As he arrived on the deck he saw a cigar shaped object. He thought quickly, ran back into their home and grabbing his brand new camcorder he scanned the sky for the object and began filming. Eventually when he lost sight of the object he went back inside and played the tape over and over. To his surprise and everyone else's .. what he saw completely shocked him.
Speculations are being made that the above video is nothing more than a common mylar balloon. However, examination of such balloons will reveal that they are nothing alike, save for being circular in shape.

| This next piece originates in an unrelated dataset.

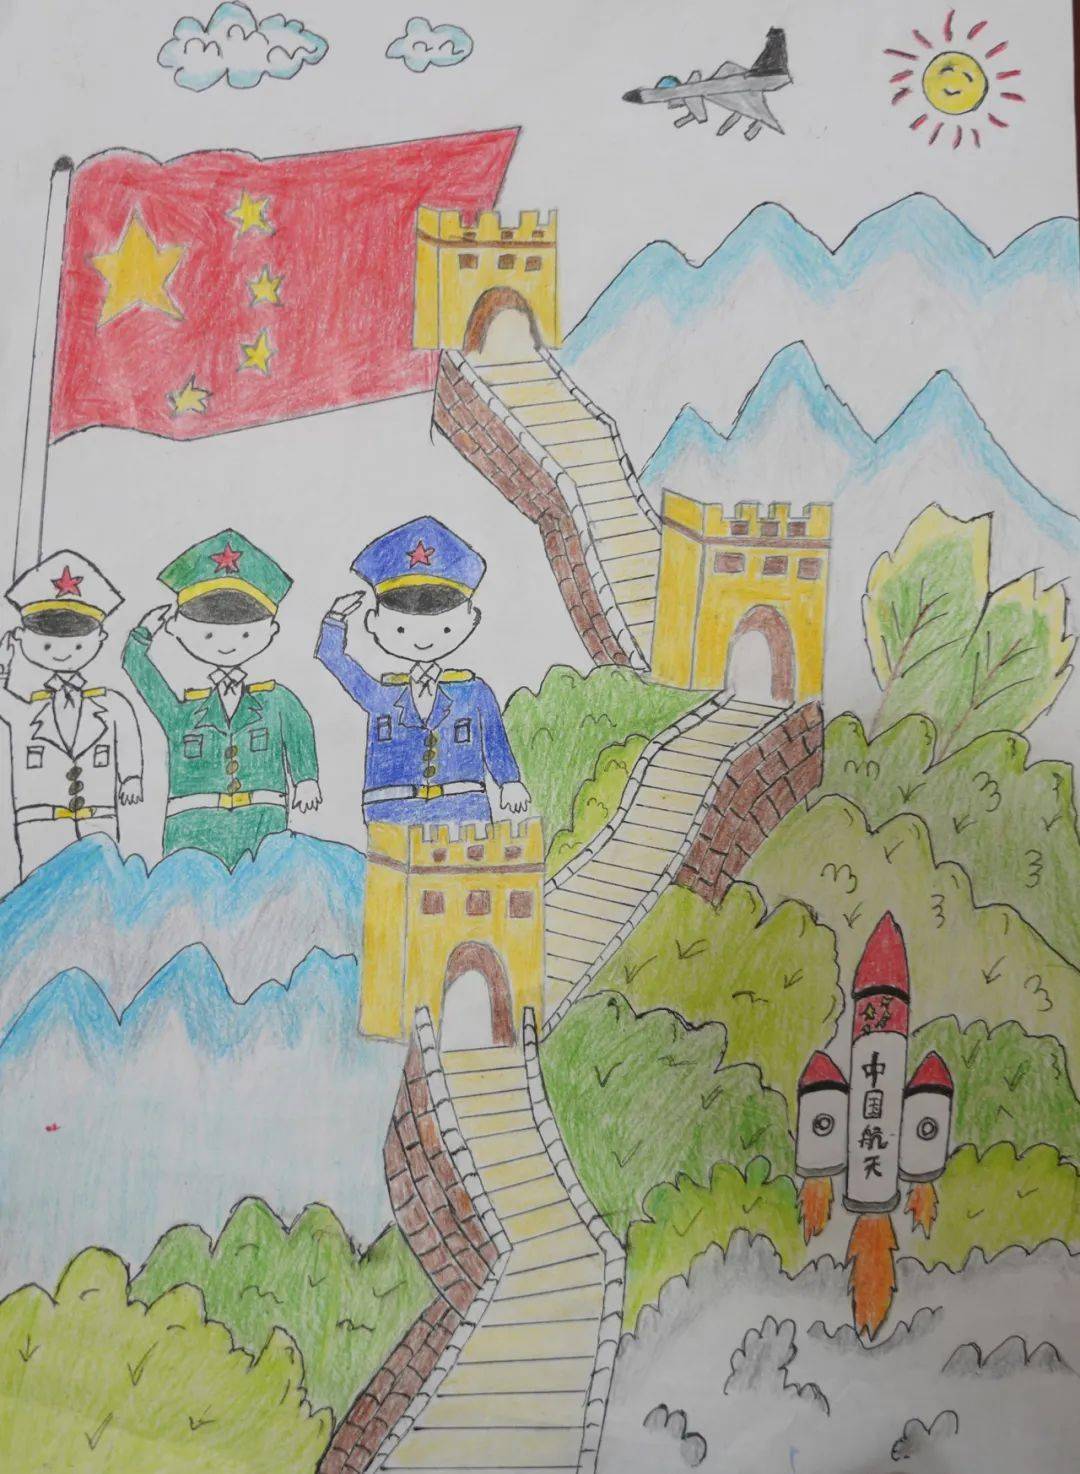 一笔一画描绘壮美山河一字一句写满崇敬关怀近日,新疆某部官兵收到了

Click here to see video of a typical commercial 'ufo' style advertising balloon in motion. One can see there's very little in common with what Mark captured swooping through the skies on August 11. (you'll find the video on this page on the far right column, #9 down from top, labeled 'The Ultimate Advertising Tool')

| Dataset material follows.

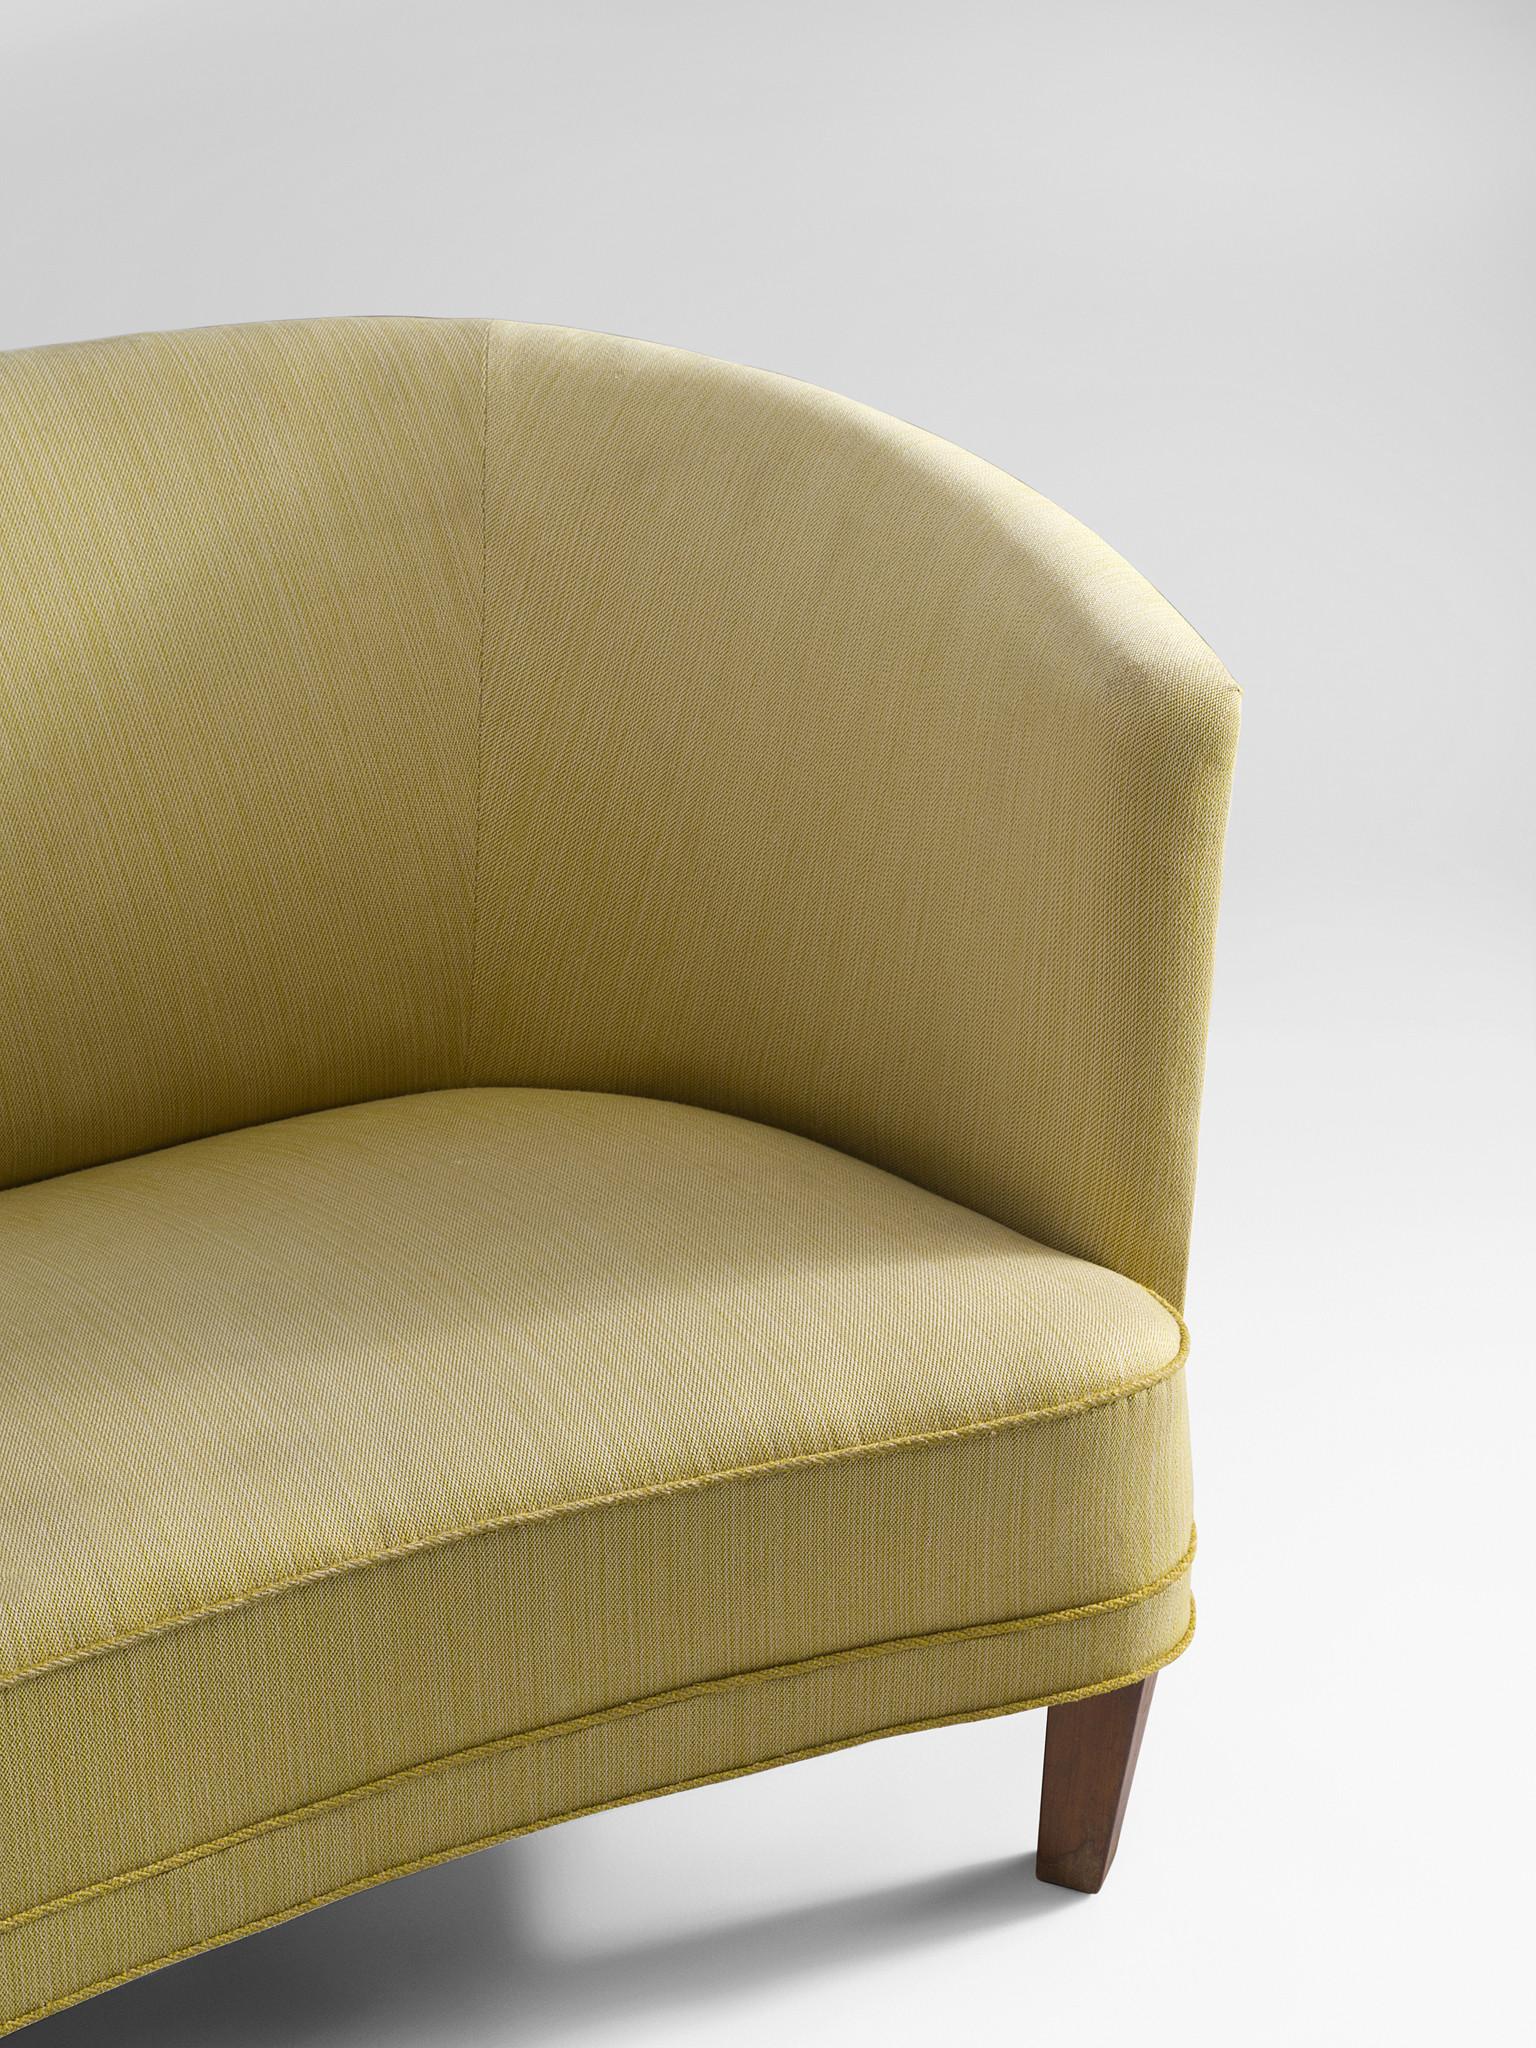 Fabric Danish Art Deco 'Banana' Sofa in Yellow Upholstery

Well, your examples and graphics and logic are all admirable, but I still have to challenge you on this, Peter! First, you've misunderstood one element of my graphic, which is the 'commercial' mylar balloon on the left (I gave a URL for an example of these, but I guess it was still a bit confusing)... they are rather large (anywhere from 4 feet to 12 feet in diameter) and have some kind of small fan/motor device as a gondola attached to the bottom, which is also part of the balast to keep it level. The "string" element would apply only to a mylar party balloon -- I wanted to clarify that.
I was not illustrating a "party" balloon. And therein lies the rub! The videotape we have received to date of such silver ships cannot be mylar 'party' balloons as they would need to be extremely large to appear as they do on the tapes; 20 feet or more. The typical party style mylar balloon is usually no larger than about 3 feet in diameter. I've seen dozens of detatched mylar party balloons floating in the sky, large and small. They don't resemble these videos in the slightest. The size difference is one aspect. Another is, an underinflated mylar party balloon -- much less a large commercial balloon -- is not going to have the kind of altitude these discs show on tape. These are clearly very large and too high up to be small party balloons, even when zoomed in. You are also at hand dismissing the eyewitness account. I see no reason to do that unless you know something we don't about this person and their claims. Also, I have yet to ever see a mylar party balloon maintain, even for a short distance, level, horizonal status. They always tip up on edge and usually stay that way, short of a few strong gusts that might make them tumble end over end. That's just plain ole' fashioned helium physics. Additionally, a mylar balloon so deflated would tend to bend and buckle on itself.
What we're seeing in these videos are silver discs that are remaining horizontal, that turn and pitch and right themselves again. Release a few underinflated mylar party balloons and see what you get. They drift off turned on edge, just as they are designed to do (usually because there is a message printed on them) and even if carried aloft to a reasonable altitude (which usually won't happen), they will stay that way, looking like... well... an escaped mylar party balloon.